Since then, Hemank and his team of researchers found there had been 127 recorded incidents of selfie deaths across the world.
76 of these took place in India, nine in Pakistan, eight in the US and six in Russia.
The most likely cause of death was falling from a great height, with people going to extreme lengths to take a selfie on cliffs or the top of buildings to impress followers on social media.
How do causes of death differ around the world?
In India, there are more selfie deaths related to trains, which Hemank and his team said are due to "the belief that posing on or next to train tracks with their best friend is regarded as romantic and a sign of never-ending friendship."
In the US and Russia, a high proportion of deaths occur due to weapons, which the researchers believe is most likely due to gun laws in the two countries.
What can be done about selfie deaths?
Hemank and his team hope to develop an app which will warn thrill-seeking selfie takers when their quest for the ultimate photo is putting their life in danger.
They hope the app will be able to identify when someone is taking a photo at a high point, by train tracks or in other dangerous situations and alert them to the possible risk to their life.
This would be done through a mix of location services and recognising parts of the image which suggest an unsafe location.
The team have tested 3000 selfies with an algorithm they have developed and claim a success rate of more than 70% when it comes to identifying a risky photo.

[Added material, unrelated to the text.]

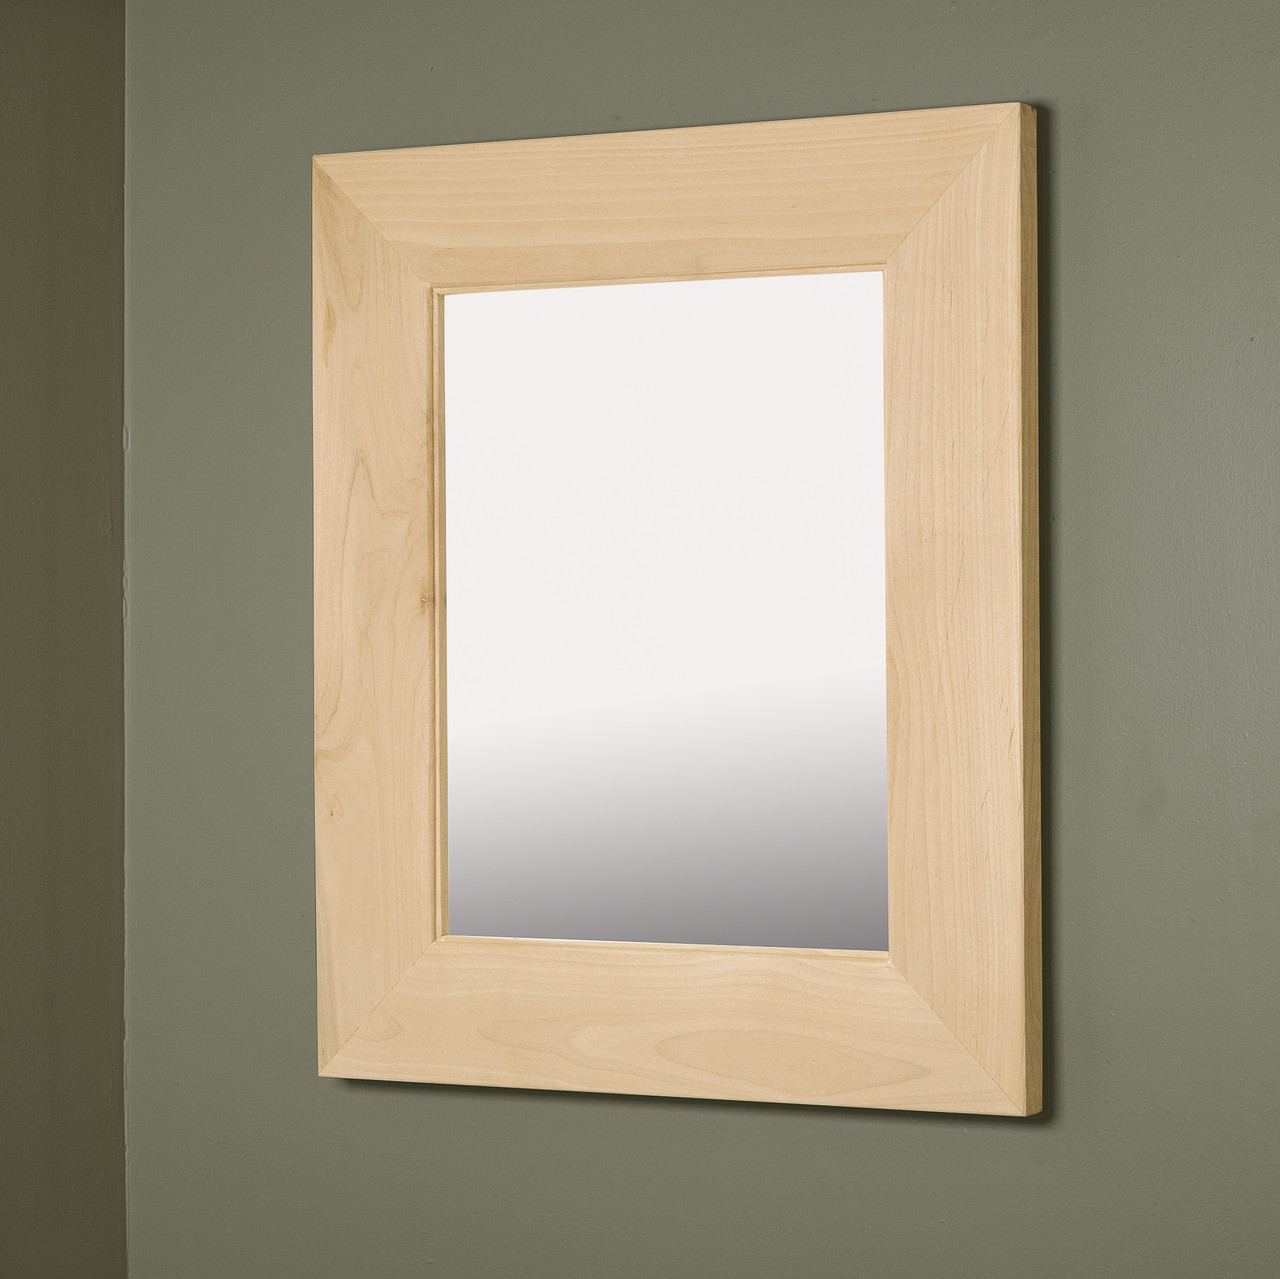 Recessed Medicine Cabinets Without Mirror

Of course, you could argue getting an alert while in a perilous situation might make things even more dangerous.
Why have selfie deaths become such a phenomenon?
The better your selfie, the more likes and follows you can pick up on social media, such as Instagram.

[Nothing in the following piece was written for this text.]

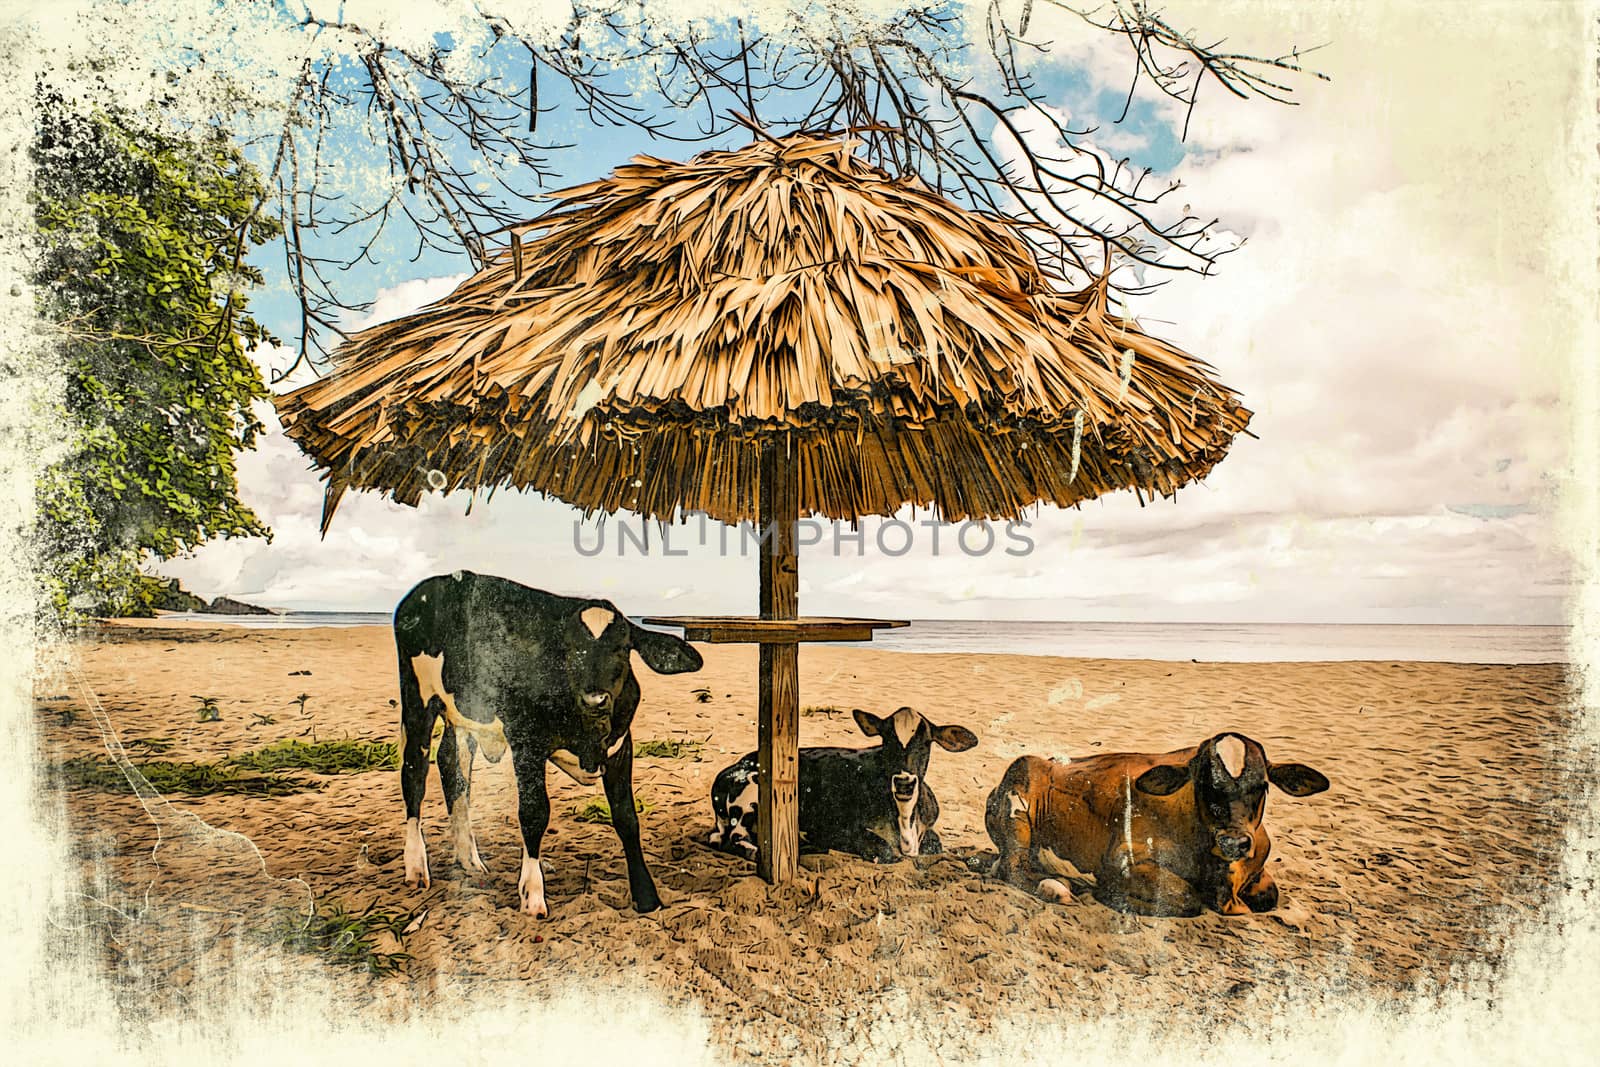 Vintage grunge graphics of cows on the beach

It is no longer enough to simply snap a photo in the mirror.
Russian man, Kirill Oreshkin, is followed by 17,900 people and is known for his photos, posing in stomach-churning positions on top of buildings.
Instagram users such as Drewsssik also built a large following online with photos taken on top of tall structures.
He died in 2015 after falling from a building.
In October 2016, a 12 year old Russian girl, known as Oksana B, died after climbing onto the railings of a balcony to take a selfie.